**Work to complete**
Within the listing that follows, reproduce exactly the lines starting at the line with "schreibtisch mit zwei" and ending at the line with "10 самых странных", inclusive, and only those. Pictures are dropped.

------ Information provided ------

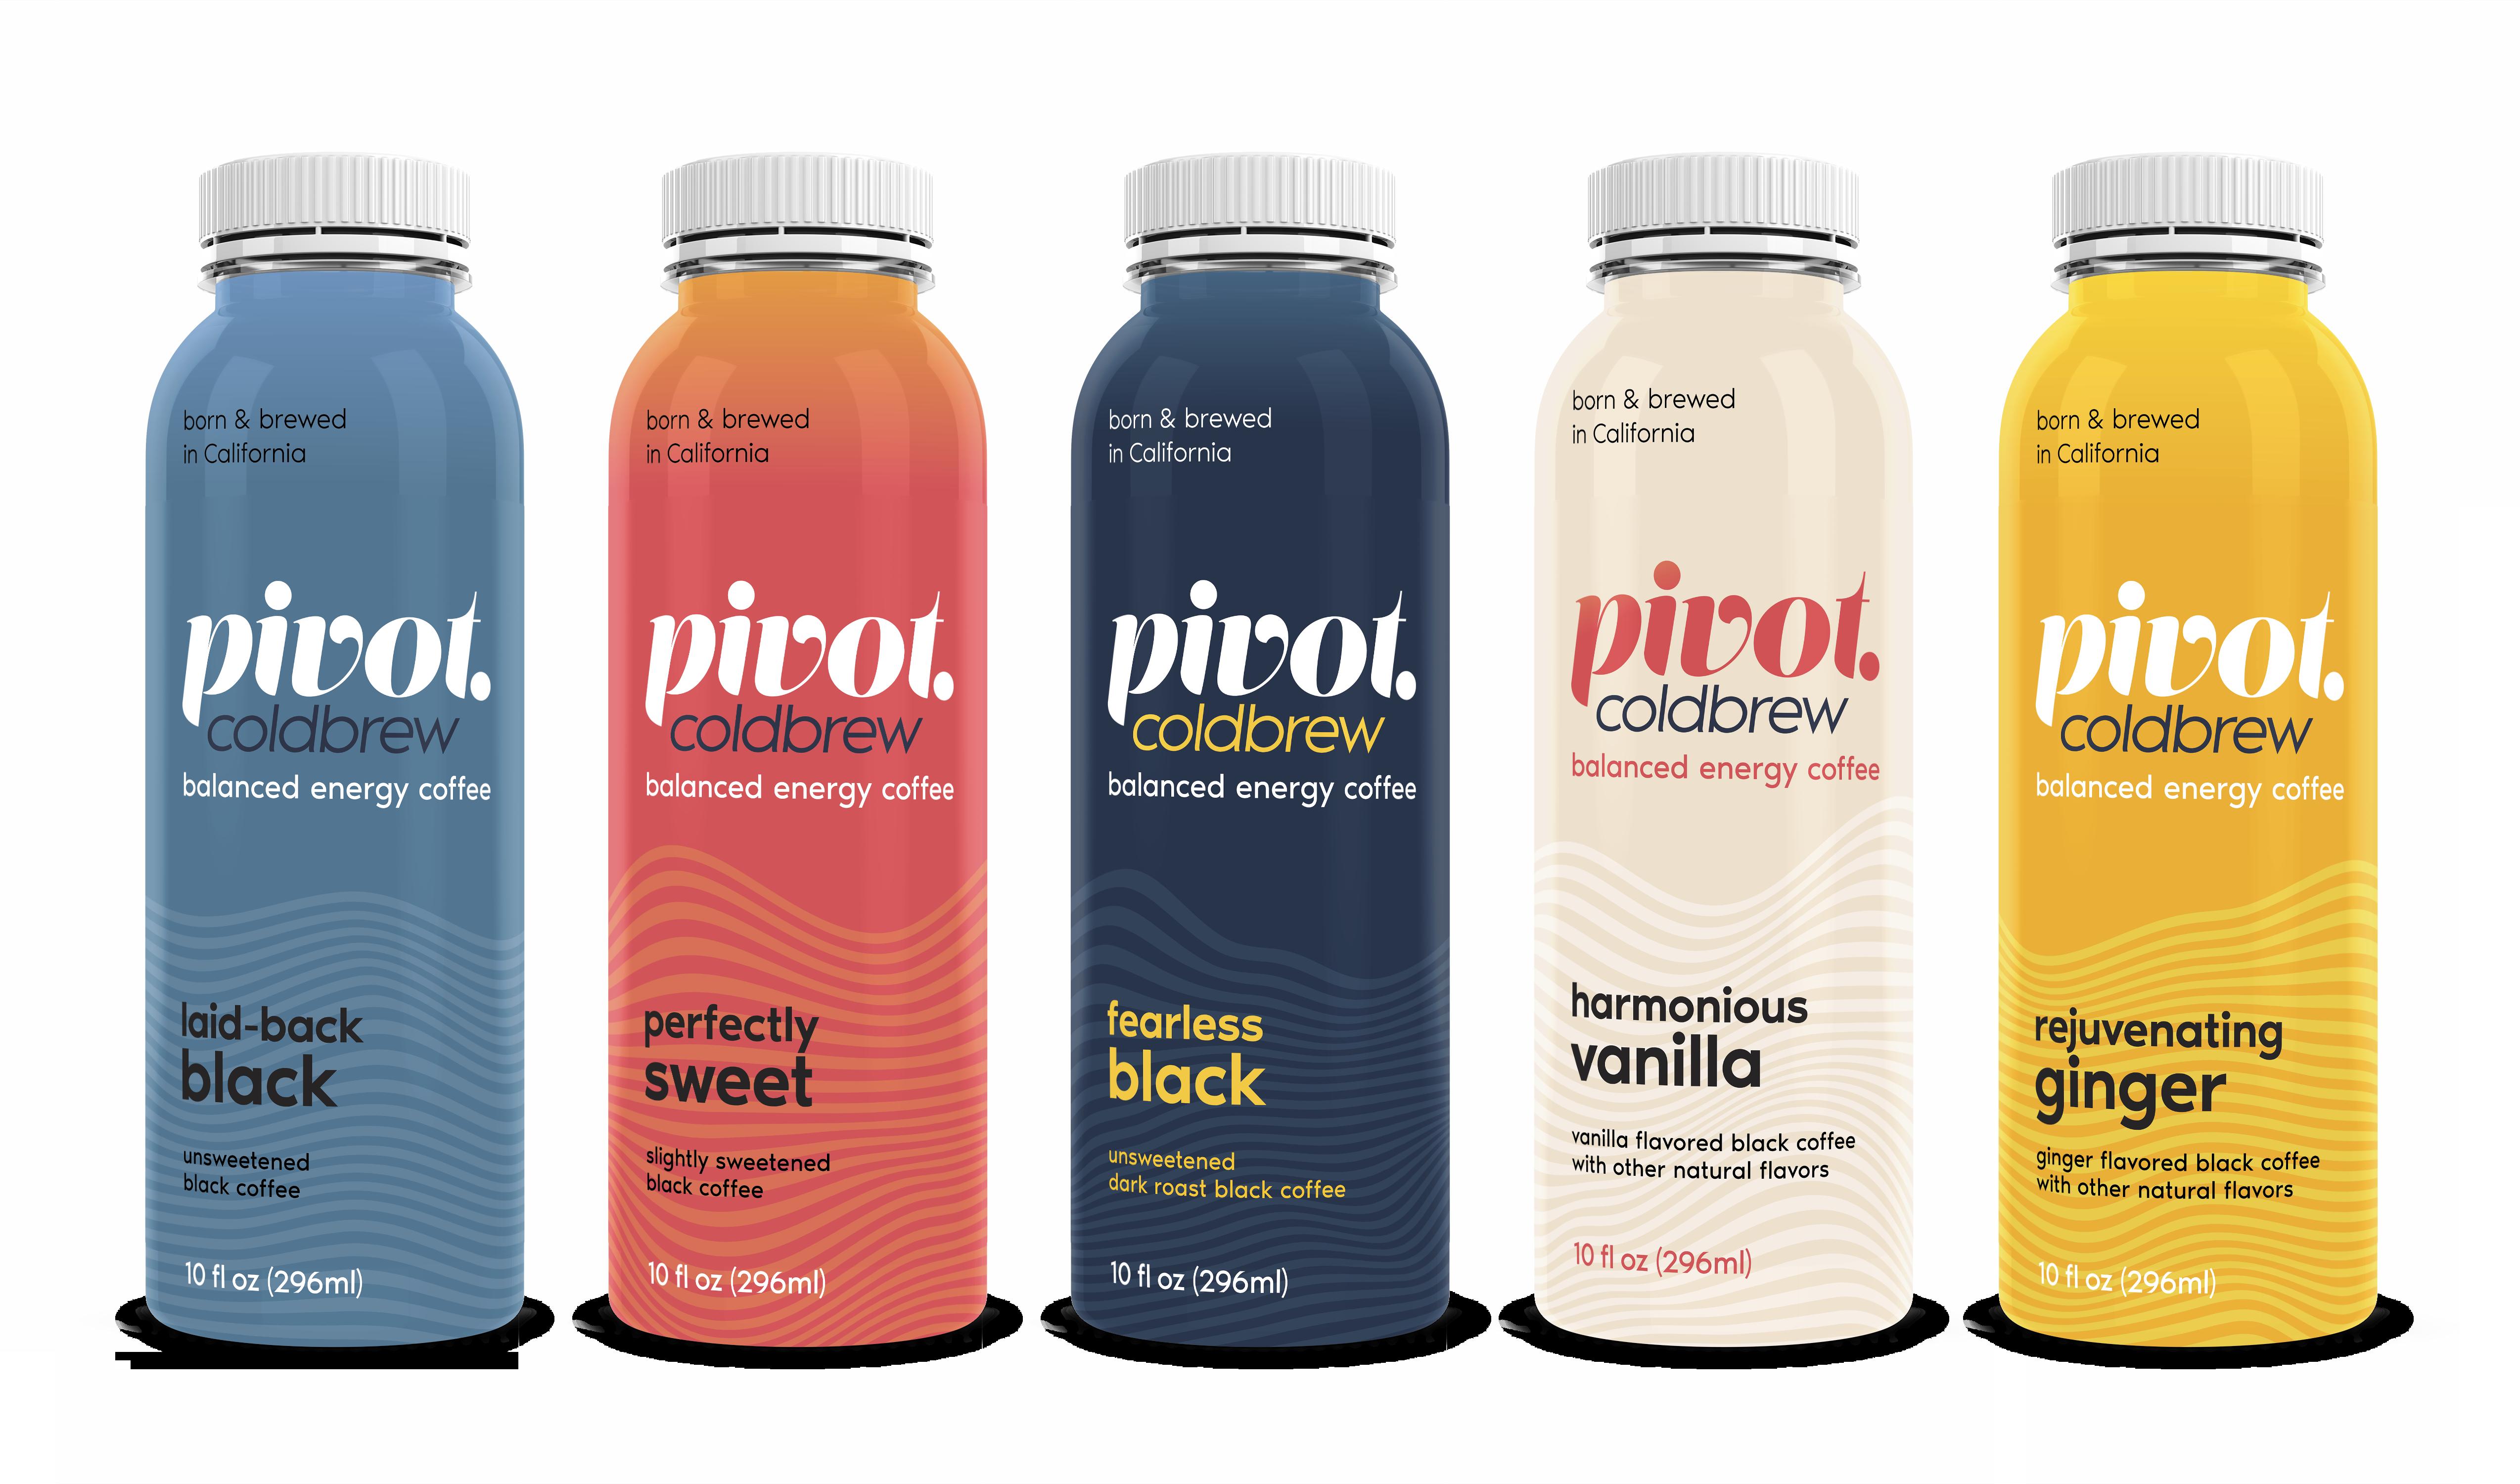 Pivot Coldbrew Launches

------
------ Information provided ------

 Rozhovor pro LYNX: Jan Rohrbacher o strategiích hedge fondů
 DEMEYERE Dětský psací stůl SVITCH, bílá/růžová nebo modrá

------
------ Information provided ------

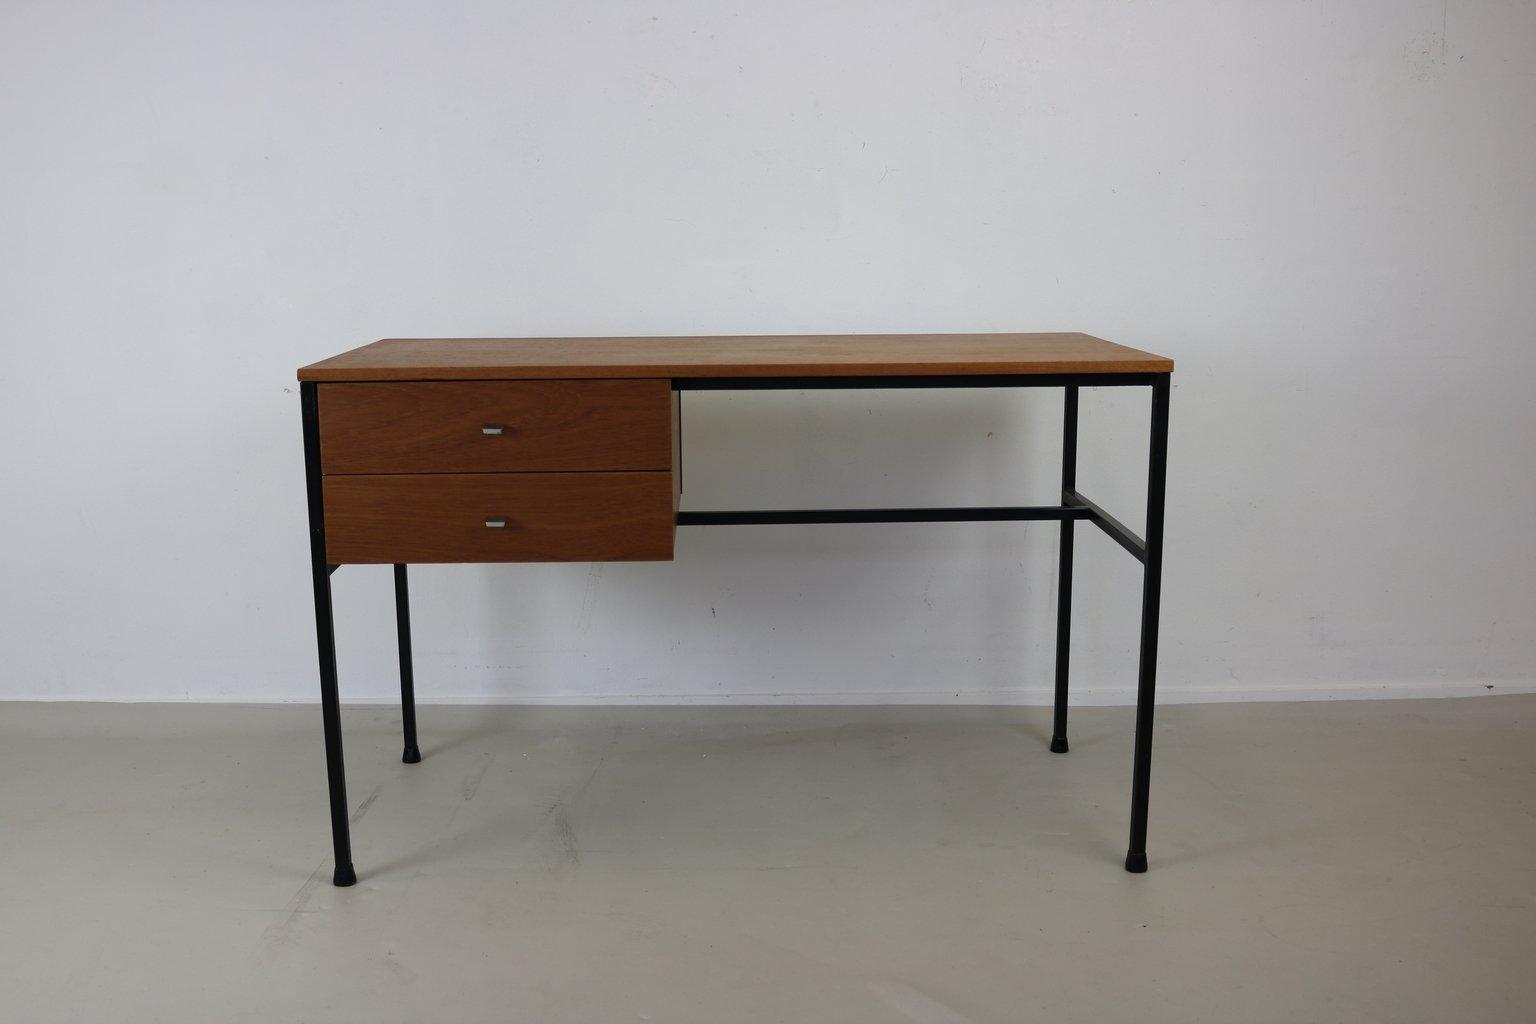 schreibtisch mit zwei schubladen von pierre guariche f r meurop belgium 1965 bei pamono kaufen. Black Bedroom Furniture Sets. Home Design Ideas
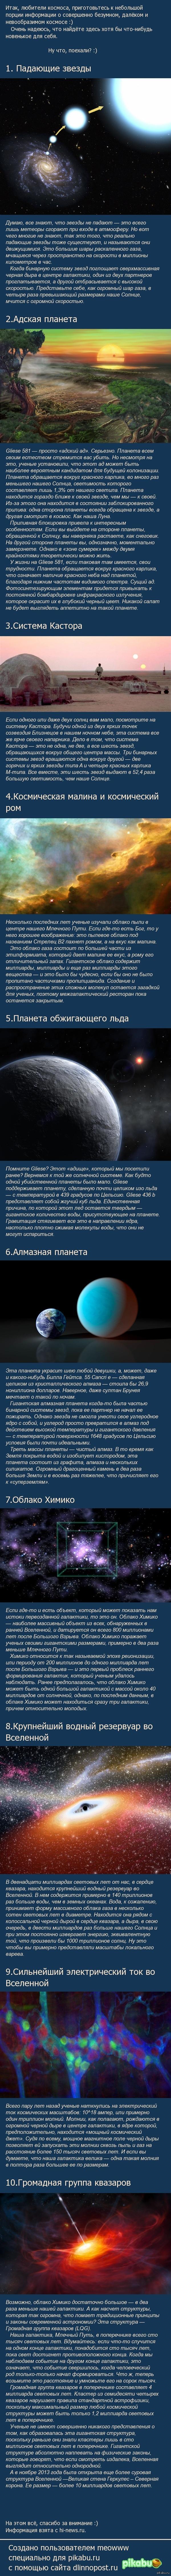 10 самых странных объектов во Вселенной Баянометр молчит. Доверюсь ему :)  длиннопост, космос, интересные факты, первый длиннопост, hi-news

------

**Exercise solution**
 schreibtisch mit zwei schubladen von pierre guariche f r meurop belgium 1965 bei pamono kaufen. Black Bedroom Furniture Sets. Home Design Ideas
 10 самых странных объектов во Вселенной Баянометр молчит. Доверюсь ему :)  длиннопост, космос, интересные факты, первый длиннопост, hi-news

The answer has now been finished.